Jason Hotchkiss is the man behind one of Tindie’s most popular stores. We’ve already met Jason once on the Tindie blog, when he gave us 3 Tips for Getting Started in Indie Electronics.
By day, he’s a software developer. For Jason, hacking on Arduino and PIC took code and made it fun again – from something that’d become work to something that was an escape. He sees his foray into digital electronics as an extension of his coding. He’s slowly learning the “black arts of ‘proper’ electronics”, and his goal is to be as comfortable with analog technology as he already is with digital.

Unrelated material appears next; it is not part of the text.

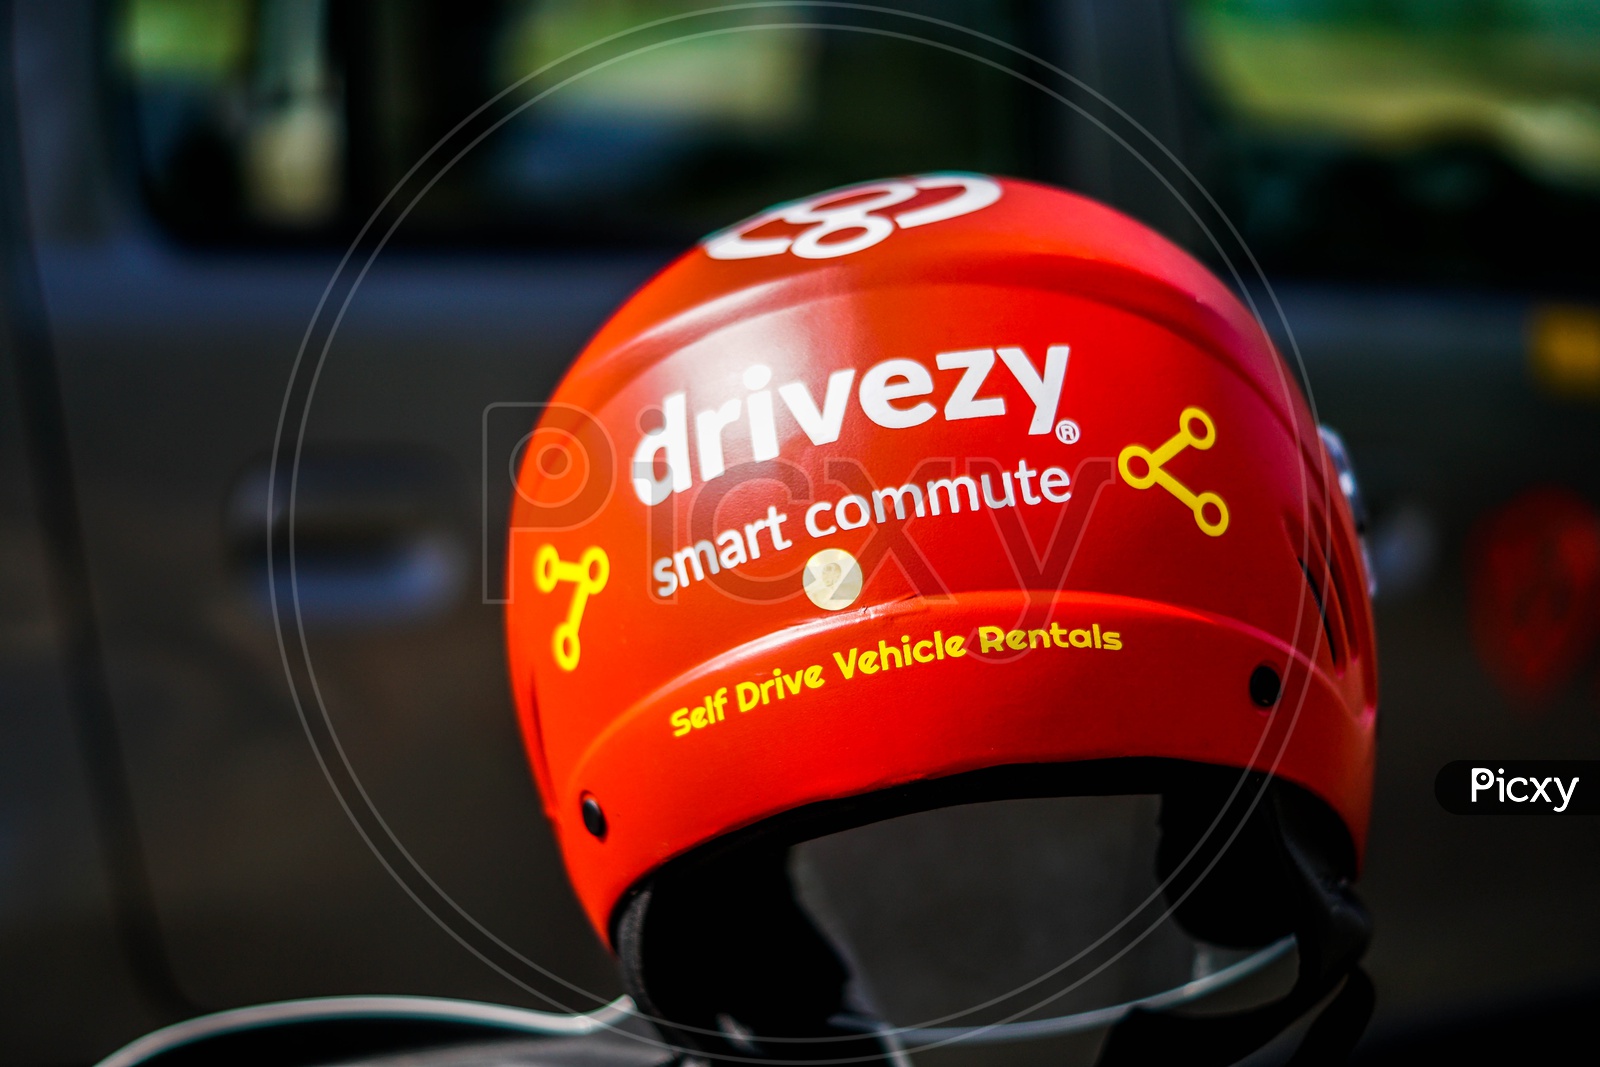 Drivezy helmet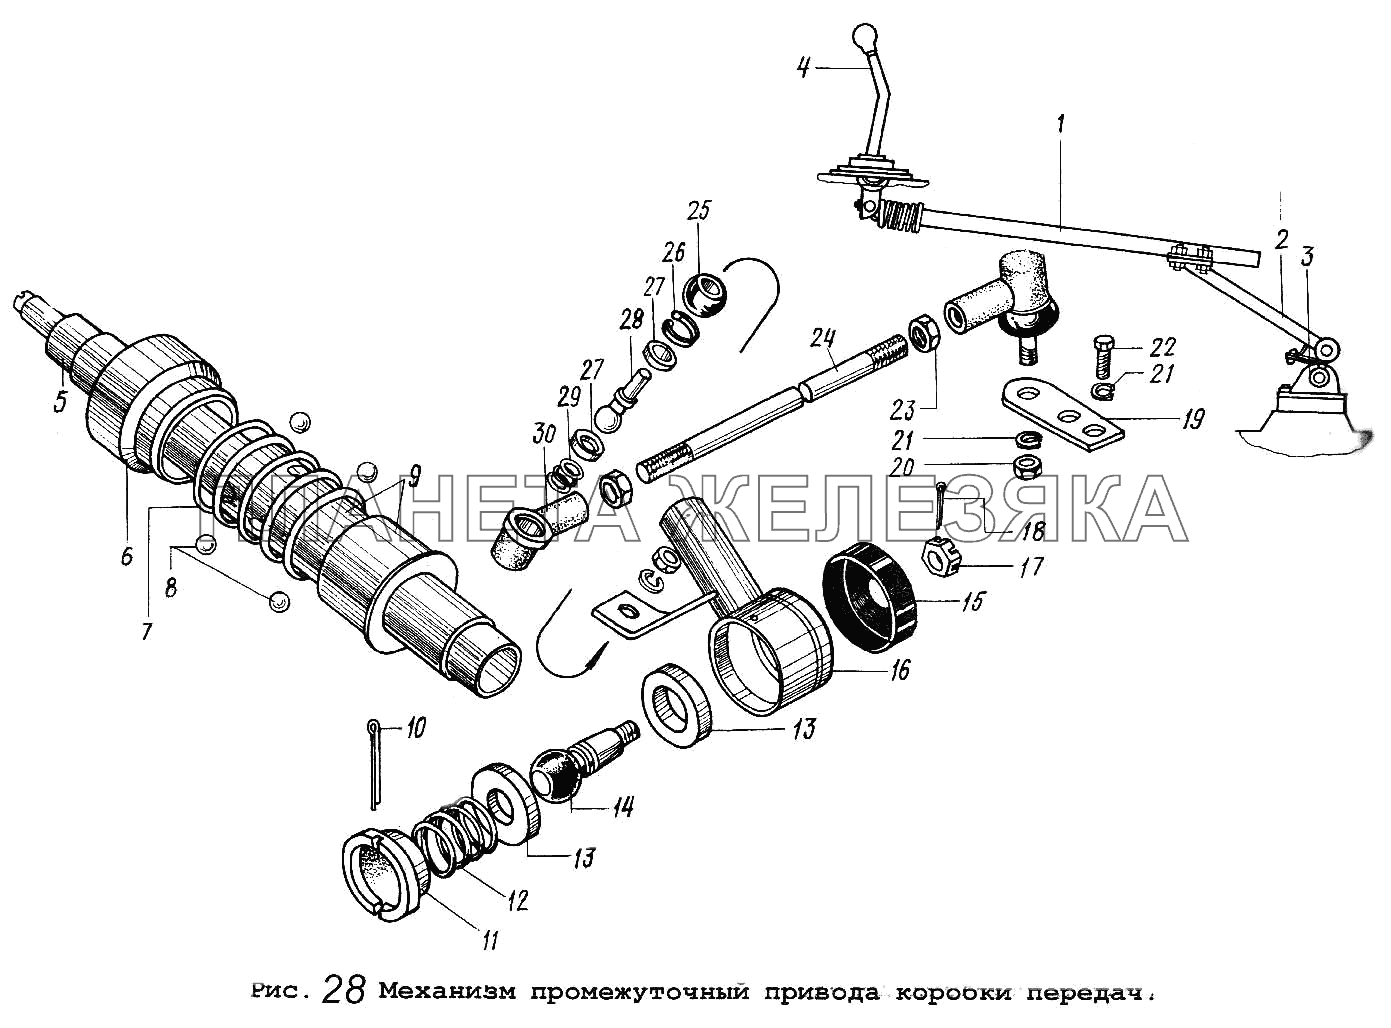 Механизм промежуточный привода коробки передач МАЗ-54323

When did you start building electronics? What was it about the hobby that got you interested? When I was a kid I loved taking things apart and find out how they worked. I used to make simple stuff out of batteries, light bulbs, motors and the like. I only rediscovered this love quite about five years ago when I was inspired by a friend on Kompoz (a music collaboration site) to build my own Weird Sound Generator noise synth (Ray Wilson’s design). From there I started learning about MIDI then discovered micro-controllers, got an Arduino, and I was hooked! I am a software developer in my day job. I was a teenage home computer geek and loved the quick creativity and immediate gratification of coding games on my Sinclair ZX Spectrum. After many years of coding in industry, the joy was all but lost in procedure and corporate drudgery. Hacking code on the Arduino and PIC took me right back into that world where coding is spontaneous and fun – it was an escape and I was hooked again!
What would you say is your specialty? At the moment I am in a kind of MIDI niche, making devices aimed at musicians, although I do also have a thing for flashing LEDs and have a few ideas in the pipeline. I’d like to think that my kits that are fun to use and fire up the imagination a bit, hopefully providing inspiration and being something people can build upon. I do take a bit of pride in trying to squeeze in as much functionality as I can while trying to keep things easy enough to use.